Source data Start Marker

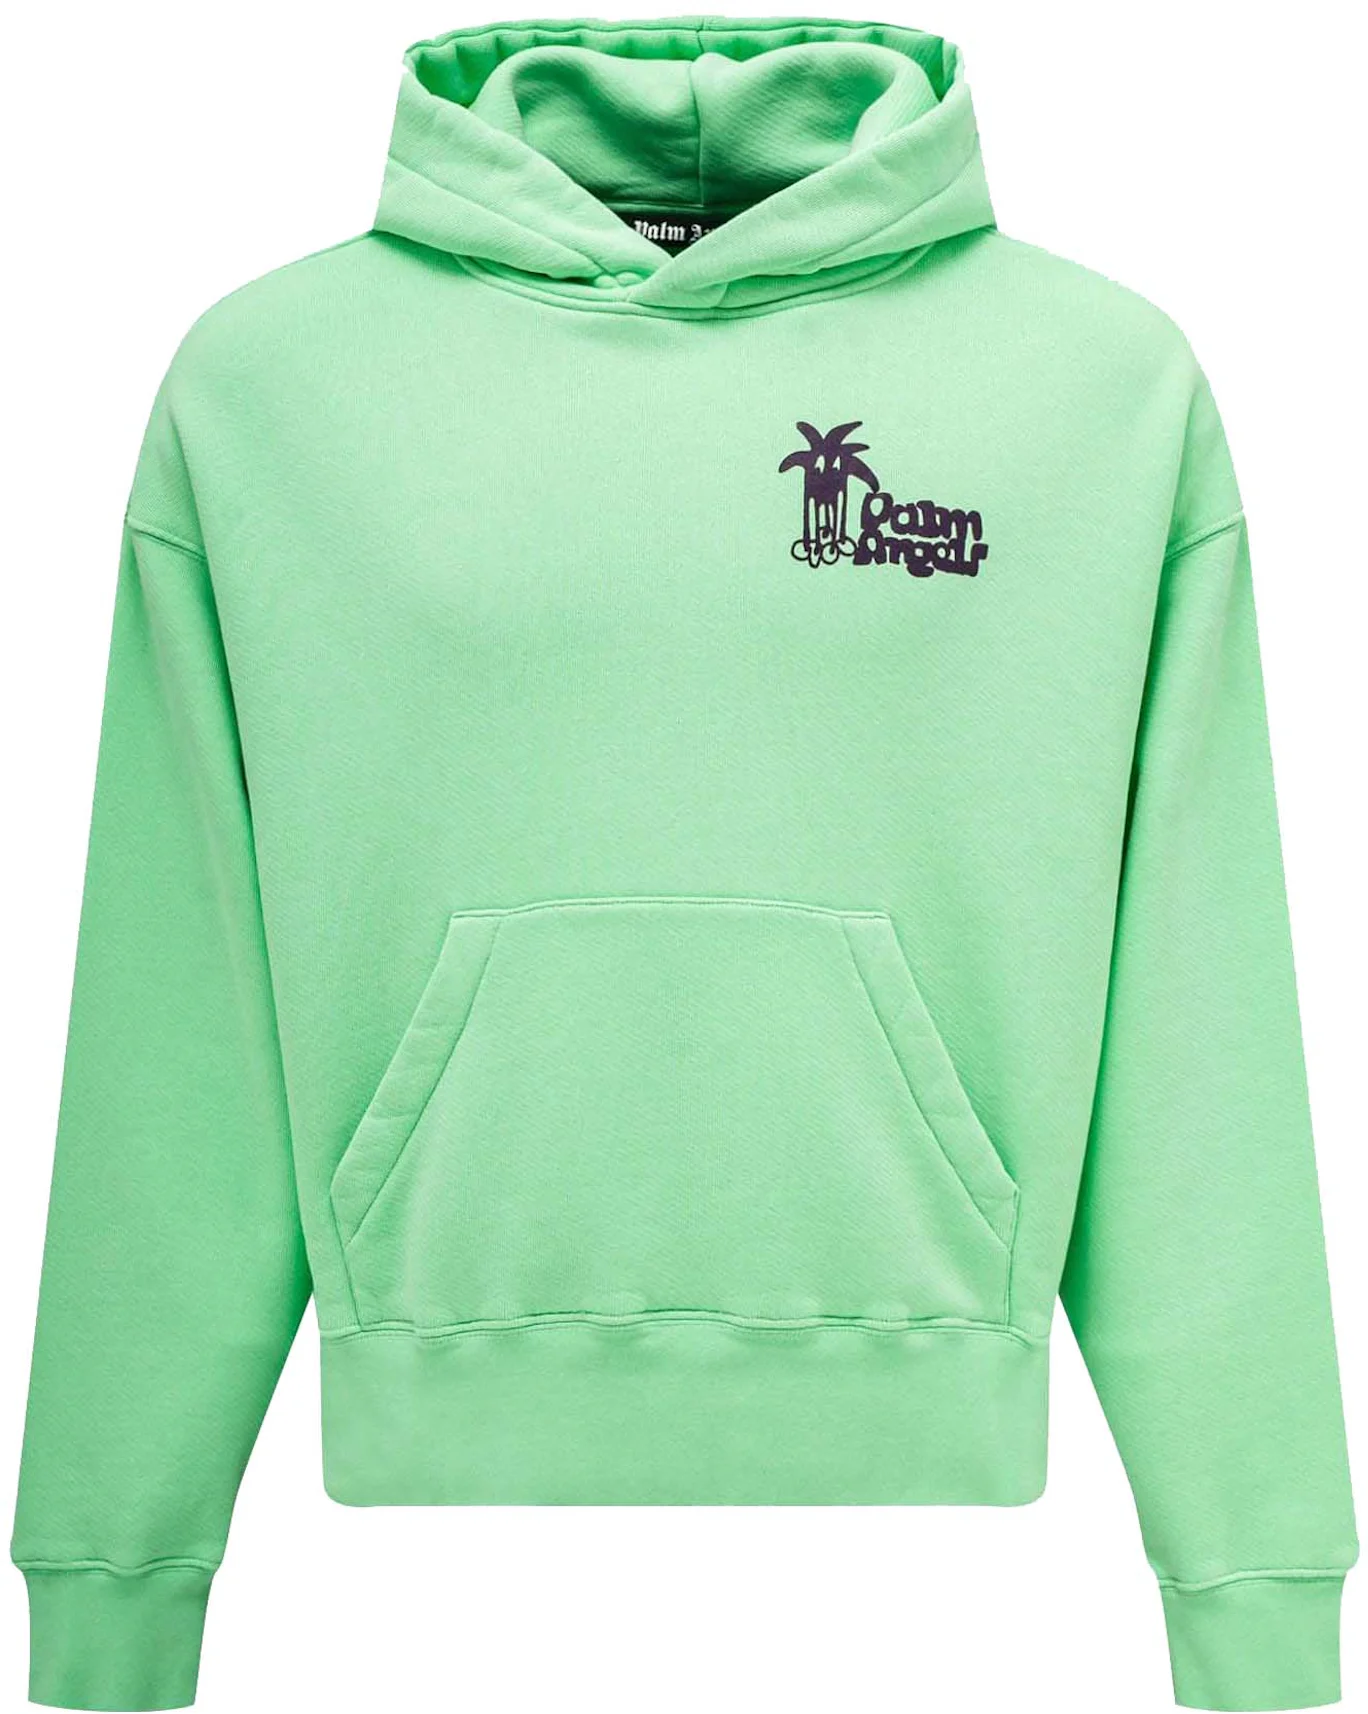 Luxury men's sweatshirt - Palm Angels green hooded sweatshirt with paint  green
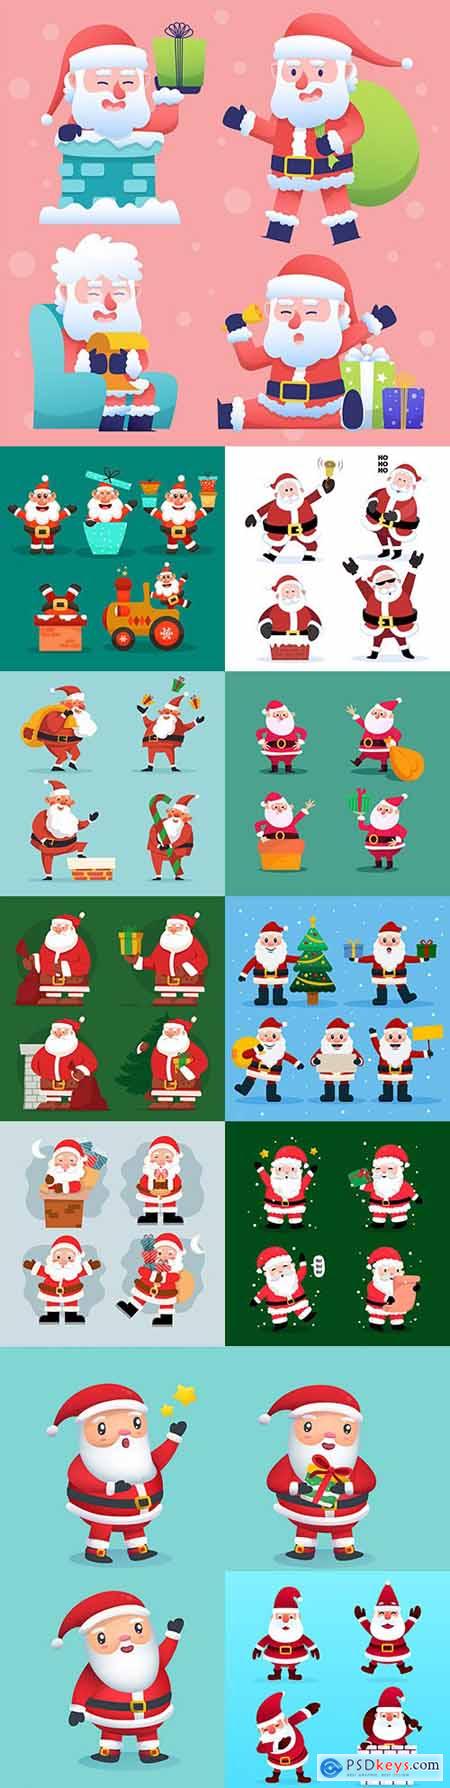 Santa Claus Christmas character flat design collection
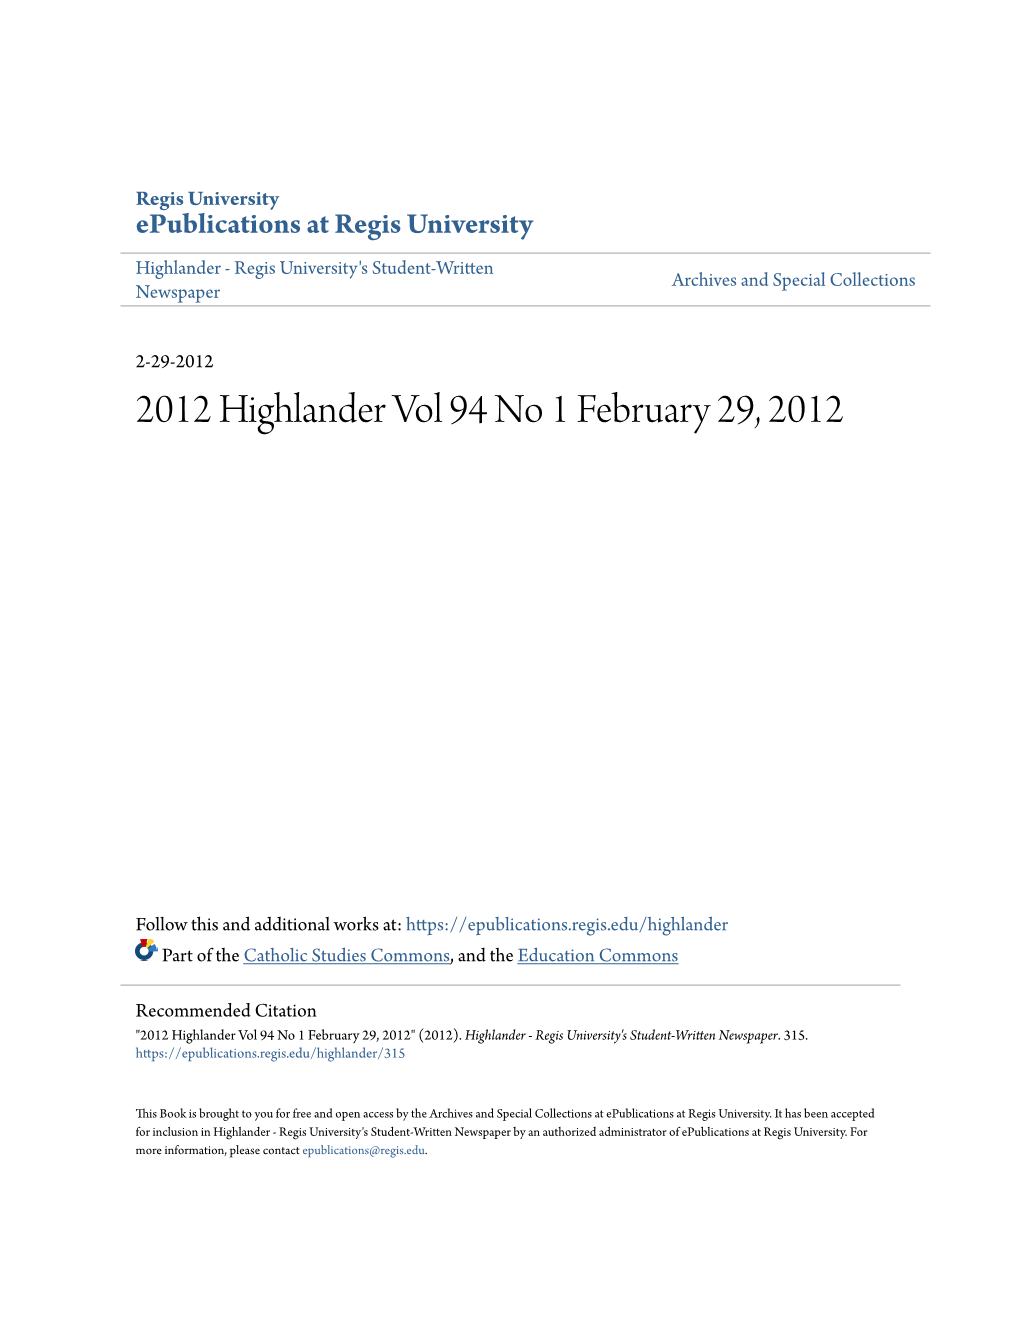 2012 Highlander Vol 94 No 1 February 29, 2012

Source data End Marker

### Task to carry out
The listing above must be given again exactly, minus its pictures.

### Response box
 Luxury men's sweatshirt - Palm Angels green hooded sweatshirt with paint  green
 Santa Claus Christmas character flat design collection
 2012 Highlander Vol 94 No 1 February 29, 2012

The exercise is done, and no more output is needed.